Andrea Mott plays the violin for an Indianapolis orchestra—and shares her talents with students in the city’s public school system.

When Andrea Mott was studying for her accounting degree at Indiana University, she would often walk through the halls of the university’s renowned school of music, listening to the tones of strings, woodwinds, brass, and percussion emanating from the rooms.

For Mott, being surrounded by music was where she felt most at home.

Mott, coordinator of financial operations for Indiana University Health in Indianapolis, began studying violin in third grade, when the public school she attended in Indianapolis began to expose the students to strings. She loved the experience so much that she arranged to pay $5 a lesson for private sessions with her elementary school music teacher once in high school. “Knowing that my teacher was willing to work with me for that amount really motivated me to make her proud,” Mott says. “I learned the value of a mentor at a young age.”

Mott purchased her first violin at a garage sale when she was in high school. It cost $100—a lot of money for Mott, whose family struggled to make ends meet—but the quality was exceptional.

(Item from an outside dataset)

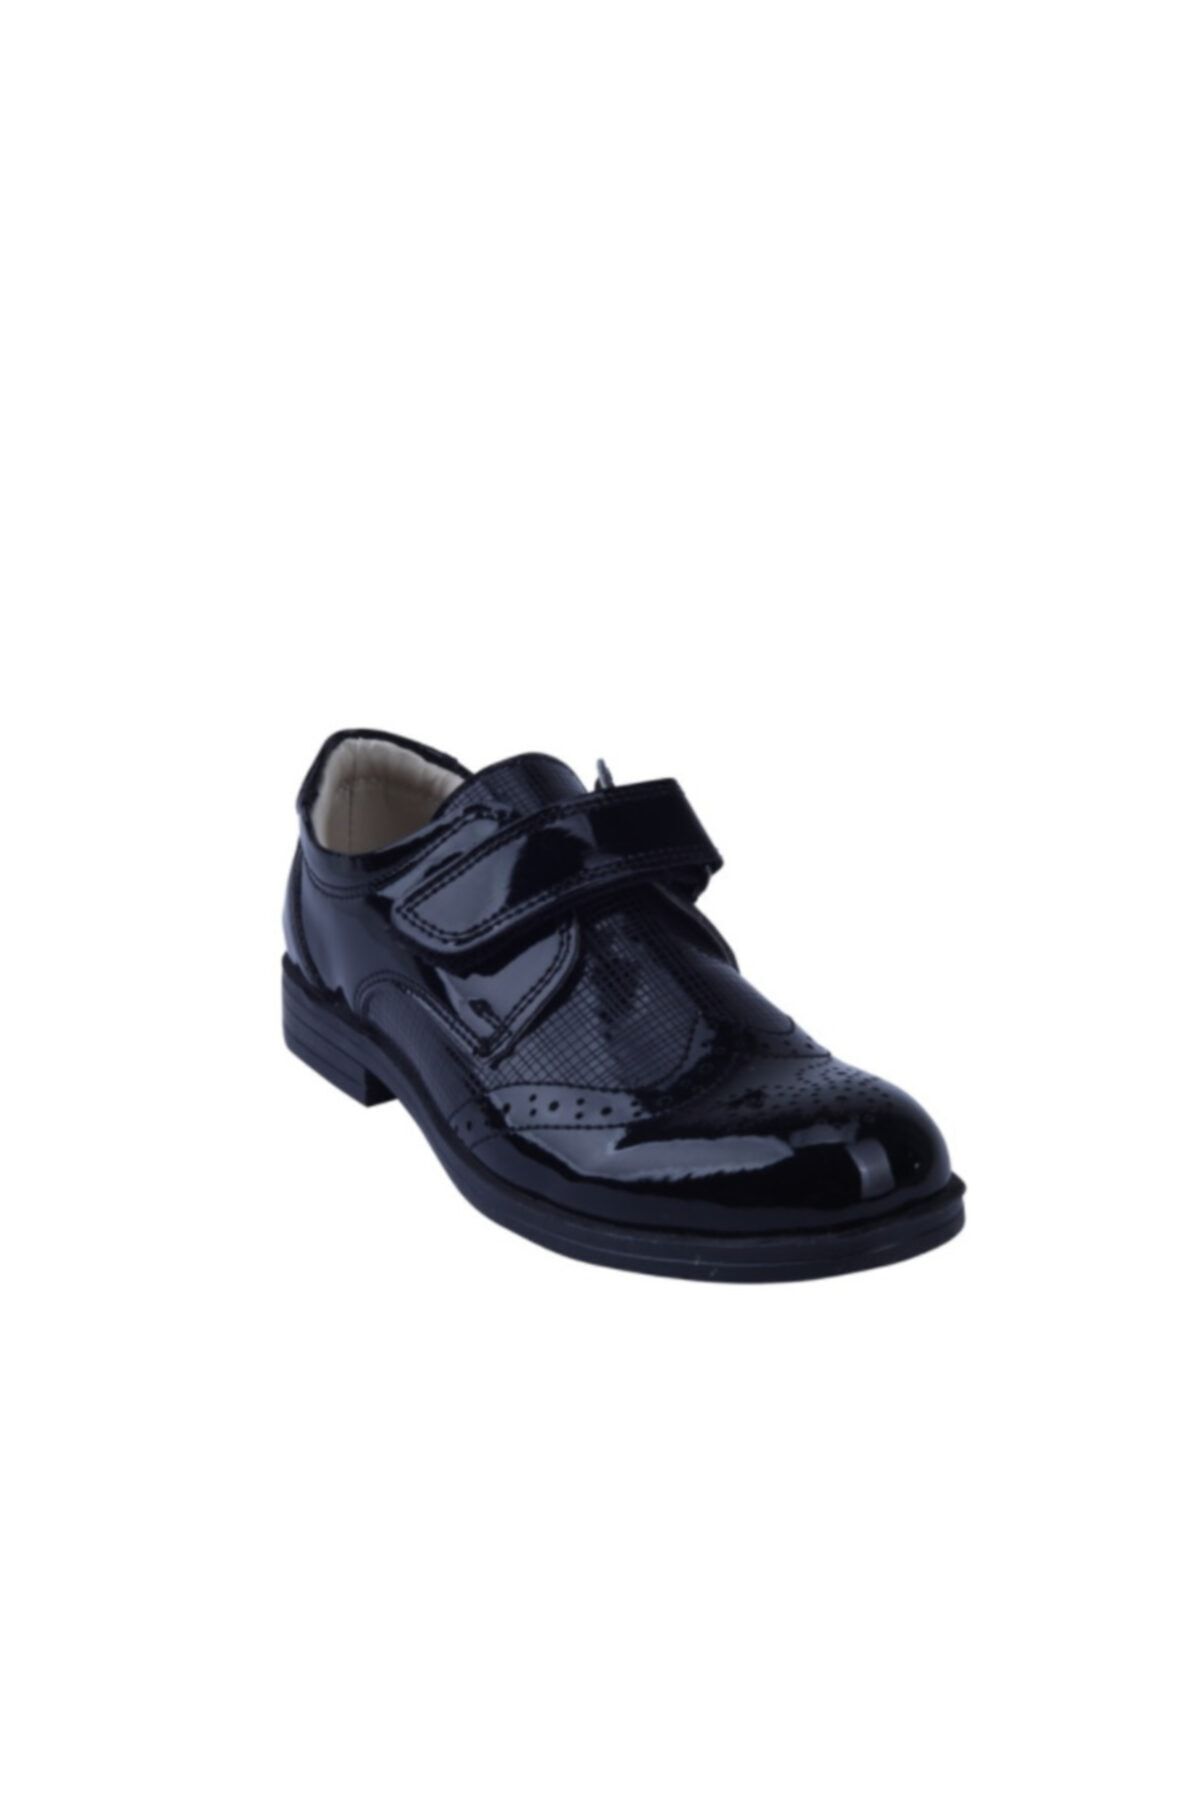 Toddler 0414 Siyah Rugan Çocuk Klasik Ayakkabı 31-36

Back then, having music to focus on was largely what kept her in school, she says. “I was an inner-city kid, and I hung out with the wrong crowd. When my friends dropped out of school, music was the only defining characteristic I had left,” Mott remembers. 

Mott concentrated on her music, gaining the confidence to try out for the Indianapolis Philharmonic, a volunteer group of musicians that performs five subscription concerts a year along with free summer park concerts. She performed with the Philharmonic her senior year of high school, where she benefited not only from the chance to hone her technique under the guidance of more experienced, highly skilled musicians, but also from the real-life lessons being a musician taught her. 

“Everything you learn in music can be applied to life, such as the importance of discipline and teamwork,” Mott says. “As a musician, you also learn that it’s OK to make mistakes. Nobody’s perfect. When you make a mistake during a performance, you learn to let it go and keep moving forward. You also learn the dynamics of collaboration: We’re all here to support each other. These are valuable skills for any profession.”

As much as she loved music, Mott devoted her studies to accounting in college. “Back in high school, I knew I had to support myself after I graduated from college, no matter what, so accounting sounded like a much more stable choice for me, professionally, than music,” she says. “I also had a passion for accounting that stemmed from a course I took in high school. I was fascinated that there was always a right and wrong answer in accounting: Debits always have to equal credits. I had never been exposed to a world that was so absolute.”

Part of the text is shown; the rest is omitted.